Protein-coding gene in the species Homo sapiens

Son of sevenless homolog 1 is a protein that in humans is encoded by the SOS1 gene.

== Function ==
SOS1 is a guanine nucleotide exchange factor (GEF) which interacts with Ras proteins to phosphorylate GDP into GTP, or from an inactive state to an active state to signal cell proliferation. RAS genes (e.g., MIM 190020) encode membrane-bound guanine nucleotide-binding proteins that function in the transduction of signals that control cell growth and differentiation. Binding of GTP activates RAS proteins, and subsequent hydrolysis of the bound GTP to GDP and phosphate inactivates signaling by these proteins. GTP binding can be catalyzed by guanine nucleotide exchange factors for RAS, and GTP hydrolysis can be accelerated by GTPase-activating proteins (GAPs). The first exchange factor to be identified for RAS was the S. cerevisiae Cdc25 gene product (not to be confused with the S. pombe Cdc25). Genetic analysis indicated that CDC25 is essential for activation of RAS proteins.
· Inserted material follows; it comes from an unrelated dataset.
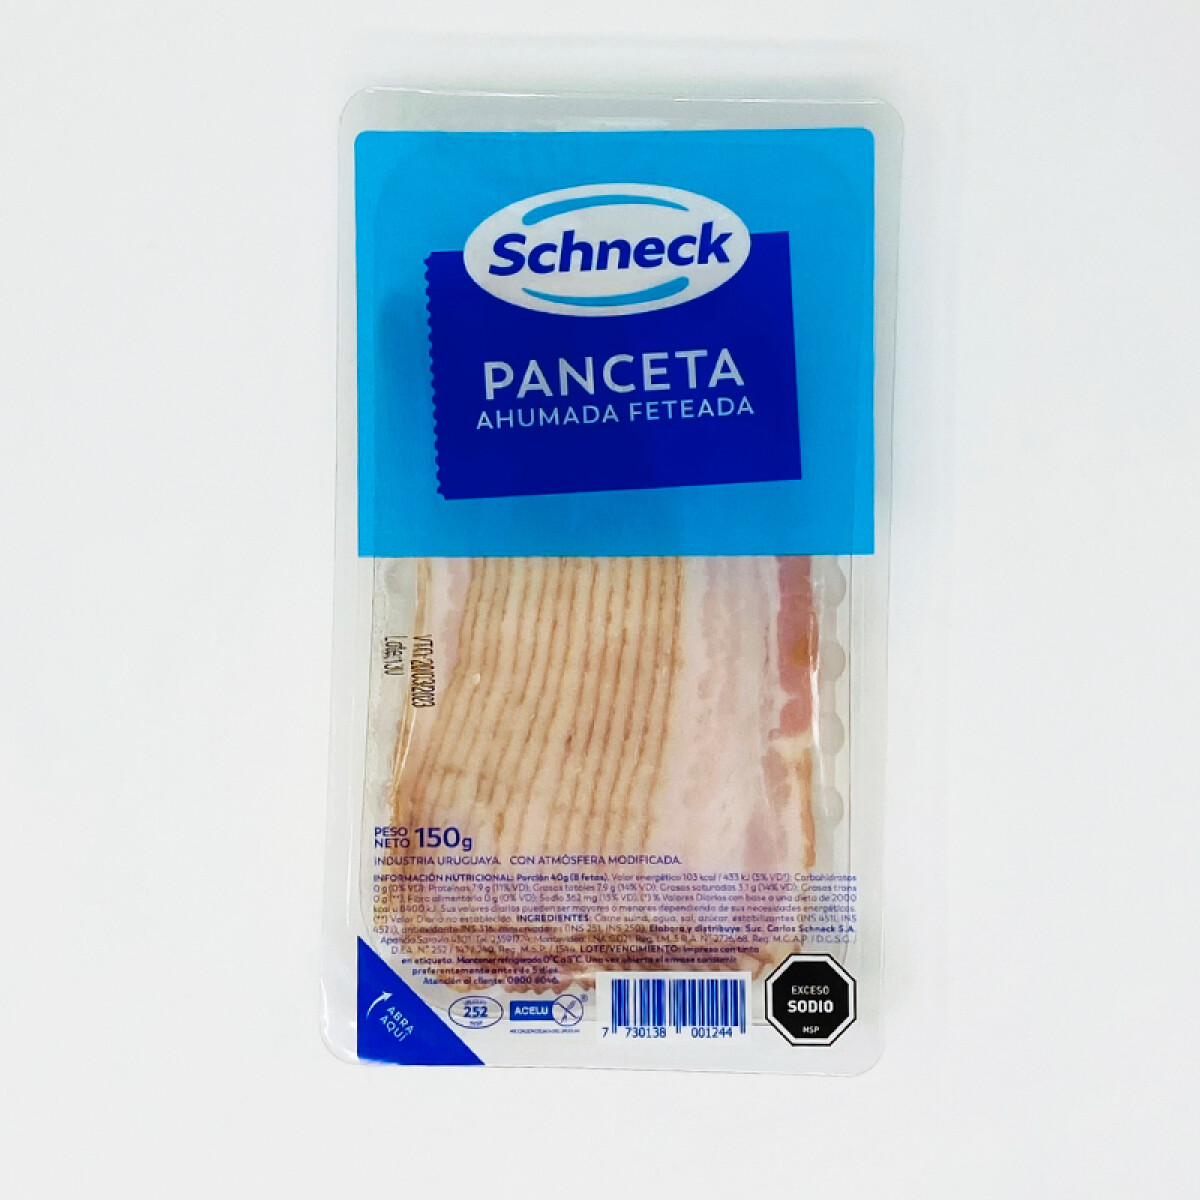 Panceta Ahumada Schneck feteada envasada en atmósfera modificada - 150 g. 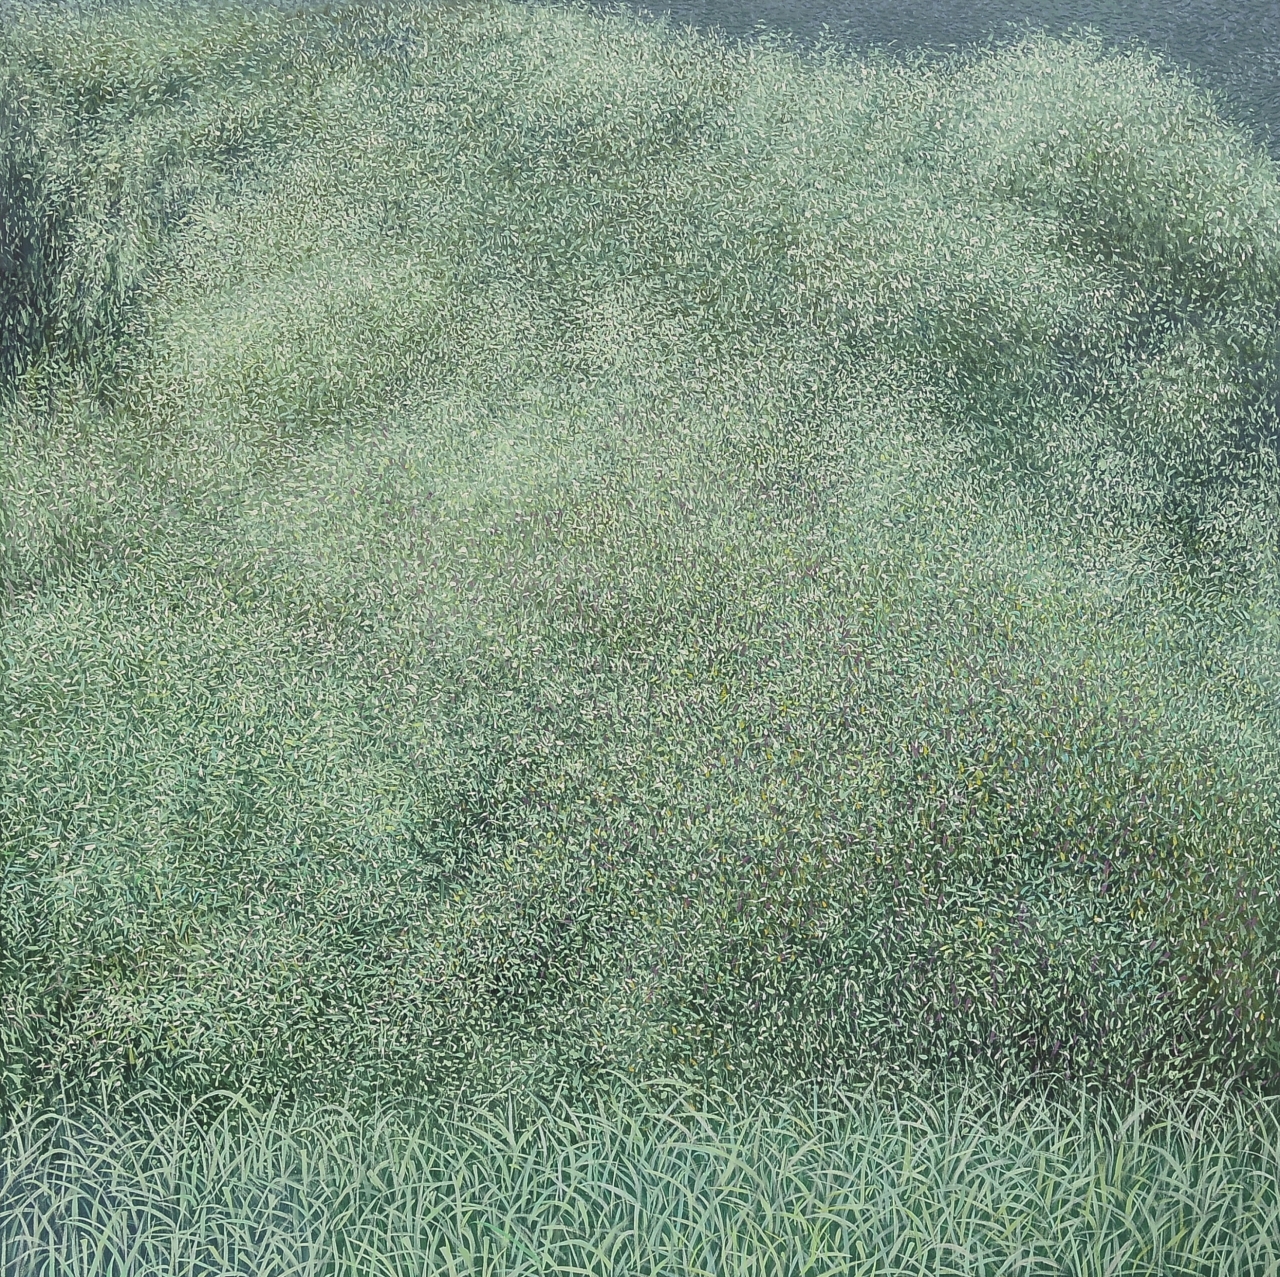 김재현, 숲인상, 2019, oil on canvas, 130.3×130.3cm

In Drosophila, the protein encoded by the 'son of sevenless' gene (Sos) contains a domain that shows sequence similarity with the catalytic domain of Cdc25. Sos may act as a positive regulator of RAS by promoting guanine nucleotide exchange.

== Clinical significance ==

Recent studies also show that mutations in Sos1 can cause Noonan syndrome and hereditary gingival fibromatosis type 1. Noonan syndrome has also been shown to be caused by mutations in KRAS and PTPN11 genes. activators of the MAP kinase pathway.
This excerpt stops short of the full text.